What is required: Transcribe only the lines in the data below falling between the line with "Getting comfortable to" and the line with "elago L4 Stand", including those two lines, and leave out any picture.
┌─ Provided data
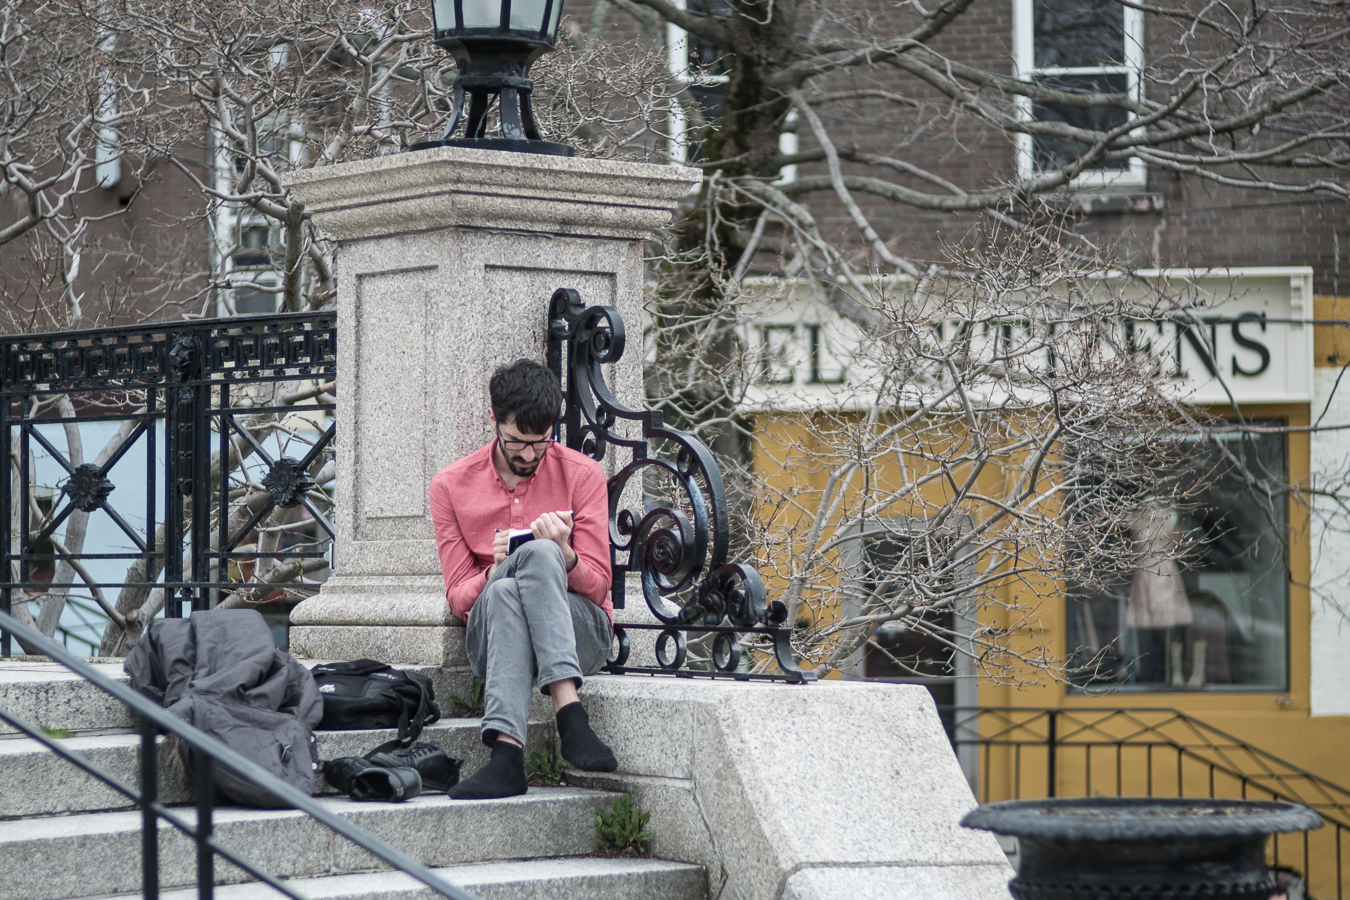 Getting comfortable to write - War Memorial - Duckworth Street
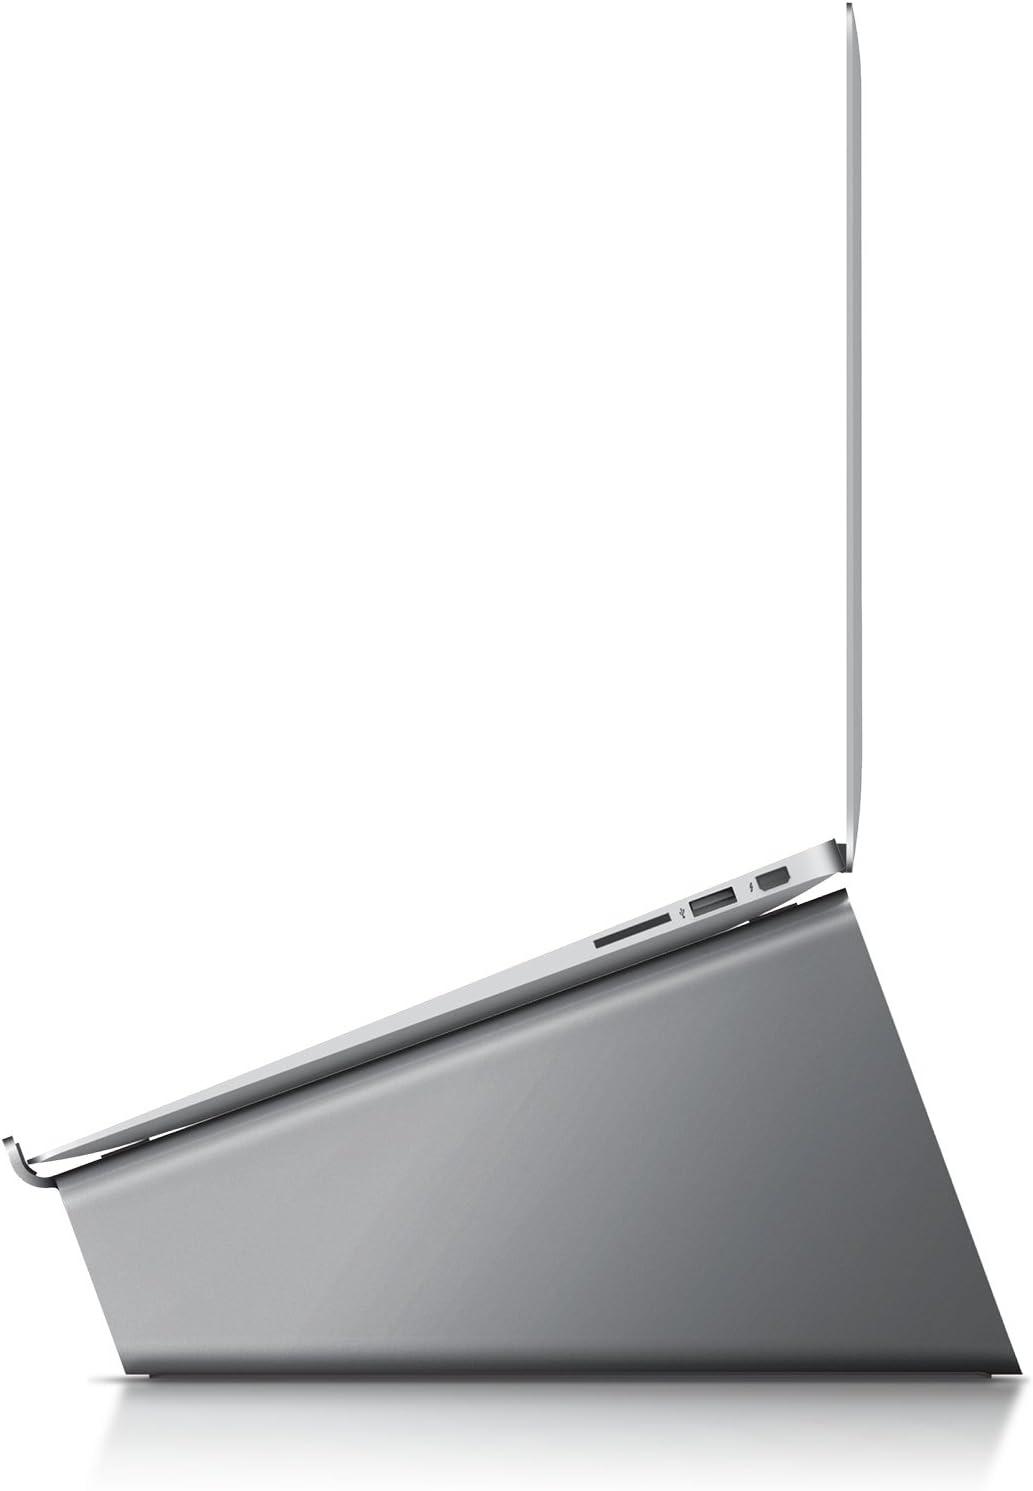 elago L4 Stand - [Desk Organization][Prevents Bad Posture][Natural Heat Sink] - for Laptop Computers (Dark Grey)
└─
┌─ Provided data
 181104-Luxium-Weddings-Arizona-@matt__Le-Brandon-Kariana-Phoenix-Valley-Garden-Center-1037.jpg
└─
┌─ Provided data
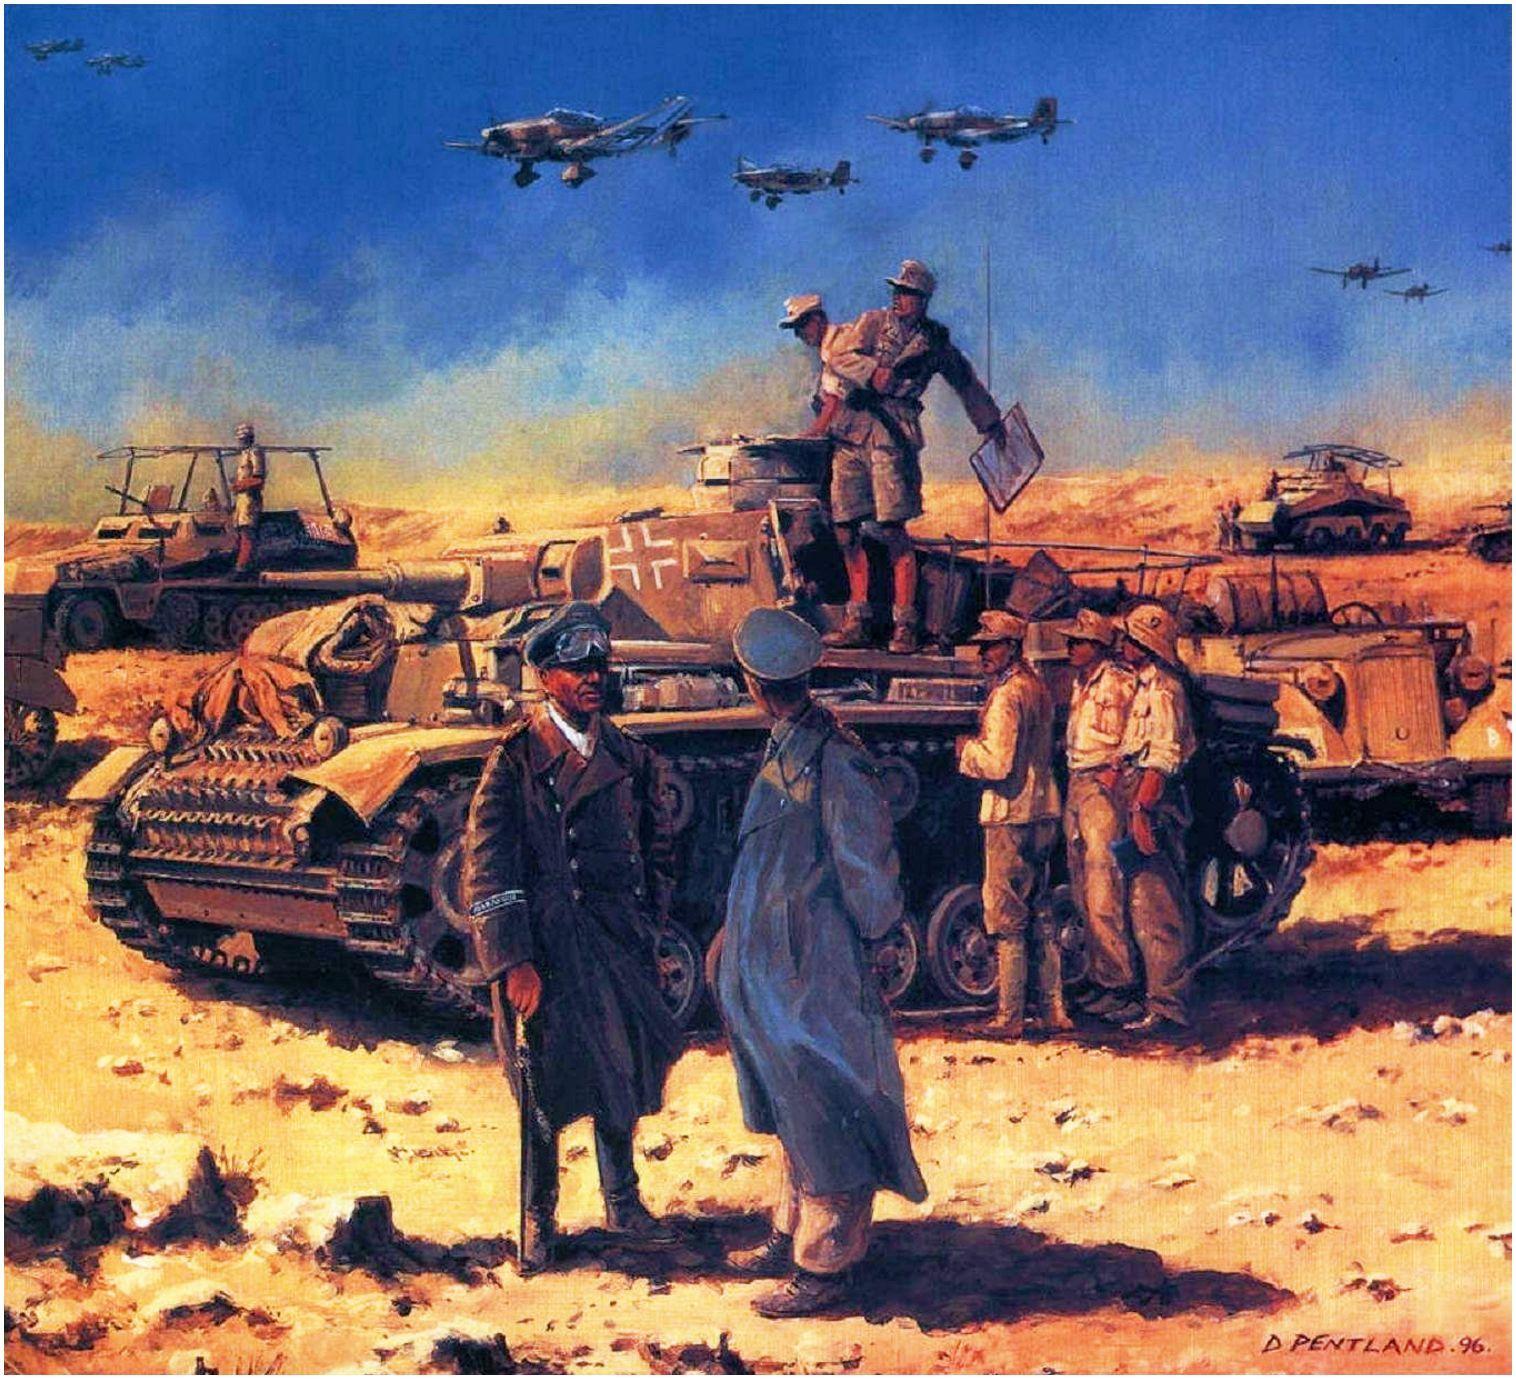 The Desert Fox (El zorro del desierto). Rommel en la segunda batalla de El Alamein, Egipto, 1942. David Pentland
└─
Task response:
 Getting comfortable to write - War Memorial - Duckworth Street
 elago L4 Stand - [Desk Organization][Prevents Bad Posture][Natural Heat Sink] - for Laptop Computers (Dark Grey)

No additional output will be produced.